Former fund manager and FX trader Richard Breslow has an uncomfortable message for the investing world today:

“It’s time to finally admit that fixed-income markets are the only ones capable of expressing an honest picture of the world.

And the picture they paint with 10-year Treasuries, bunds and JGBs at recession-level yields is something that can’t any longer be blithely explained away as some technical distortion. “

It doesn’t matter to — or perhaps it is better to say it is crucially indicative of — underlying sentiment, that no matter how much of this stuff profligate governments will be issuing, investors feel the urgent need to have them in their portfolio.

Via Bloomberg,

With all due respect to those positing much higher yields as a real risk given the hunky-dory view of the world from the large corner suite, we remain as mired in economic inequality as ever. With all of the threats that portends. And anxiety levels have not abated. I couldn’t care less what some statistic that anyone wishes to cite claiming that it isn’t true.

Dr.

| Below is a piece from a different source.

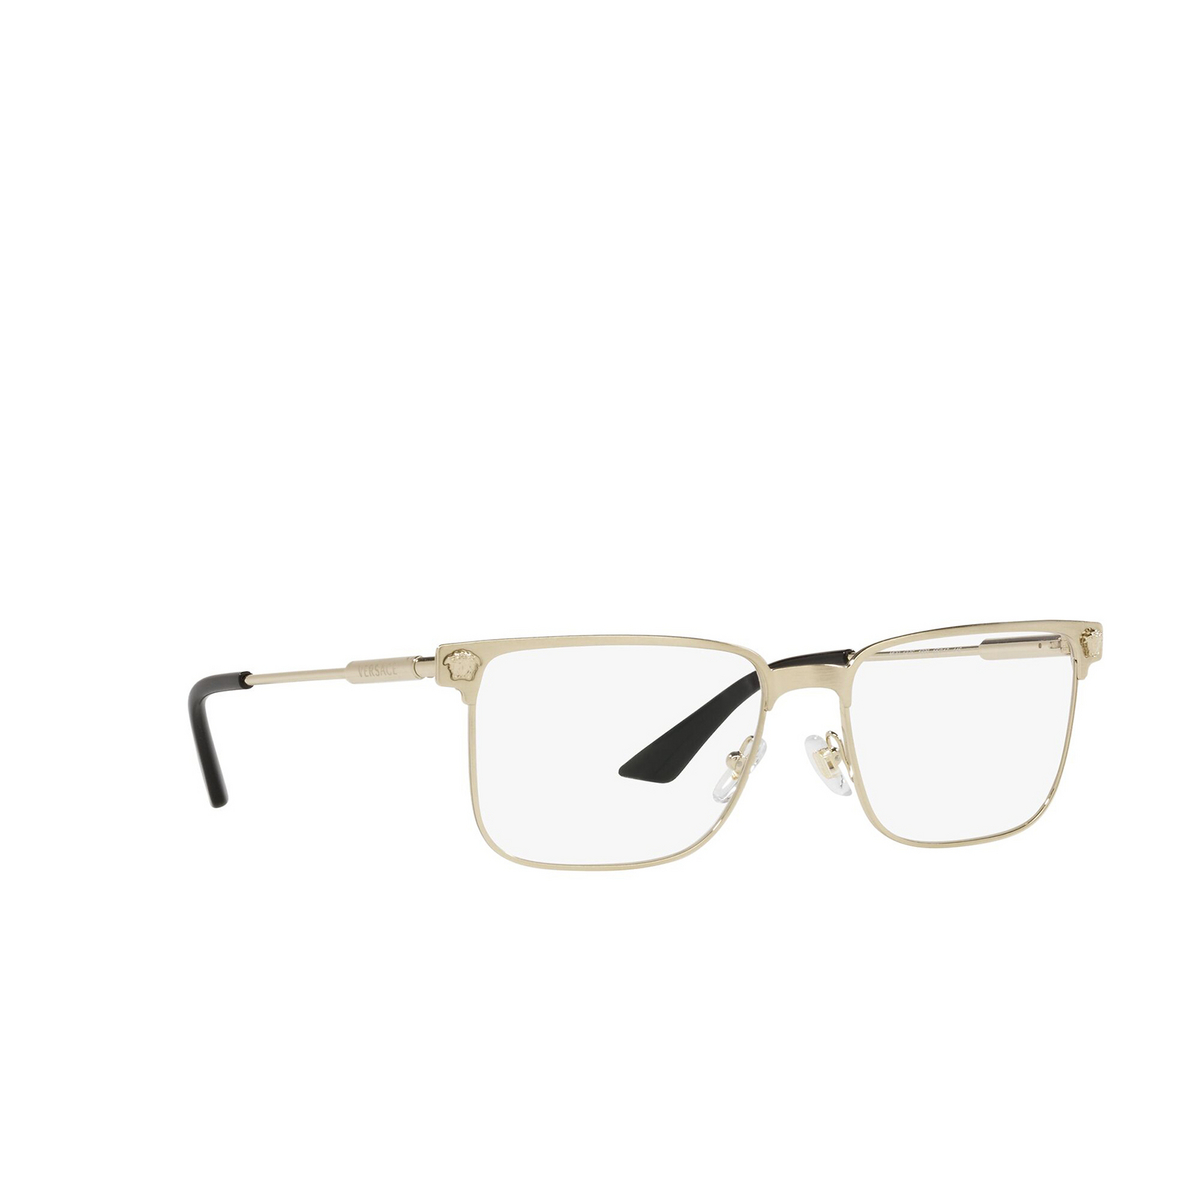 Versace® Rectangle Eyeglasses: VE1276 color Brushed Pale Gold 1339 - three-quarters view.

Lawrence Summers wrote an interesting article that is running today on the Bloomberg terminal. In it, he lays out the challenges political leaders must overcome to preserve in whole, or at least mostly, the post-war global Western hegemonic order.

In truth, we are sliding further and further away from achieving any of those goals. Suddenly locking in 3 percent yields doesn’t seem so counterintuitive.

Equities can go to the moon. With the sovereign wealth funds picking winners and losers among supposed competitors and putting public monies behind their choices, how far down is big tech really going to go? On the day that Apple hit its valuation milestone, I was looking at the list of owners of the shares and suddenly wasn’t nearly as impressed.

Buying back shares, touting “adjusted earnings” and substituting M&A for actual investment makes these markets great investments, but hardly indicative of economies putting the thoughts of future recessions out of everyone’s minds.

There were three stories I read yesterday that really got me going.

A great read about a well-deserved victory lap by Morgan Stanley for having called a month ago the big-tech correction. In it they say that, after making the out-of-consensus prediction, their phones “were not ringing”. Apparently, the pull of confirmation bias precluded clients from wanting to hear another opinion. Is it true that you can’t be fired if you maintain that everyone you talked to agreed with the position? Anyway, as the sell-off took place, “inbound traffic picked up considerably”. This story is indicative of so much.

The second story was about Facebook wanting to team up with banks and share information to offer customer-service products. The shares of the company and the financial sector as a whole rose. How quickly we all forget. I know the first question I would ask the next time a banking regulator testifies that we are being too harsh.

Lastly, I was reading the gruesome accounts of the diplomatic blow-up between Canada and Saudi Arabia. It was appalling that so much of the analysis focused on what this could cost in trade. Concluding, it was affordable. I’m sure this is not what Keynes meant when he argued about the primacy of economics in guiding the world forward.

Since it has been a day of rethinking things, I’ve got another. As one dollar bull to another. The charts just won’t be convinced this thing is going anywhere anytime soon. The trading range of DXY, with its multiple tops, is just too compelling to ignore.

And the broader Bloomberg Dollar Index looks like it has already decided the rally has played out for now. Back to the drawing board.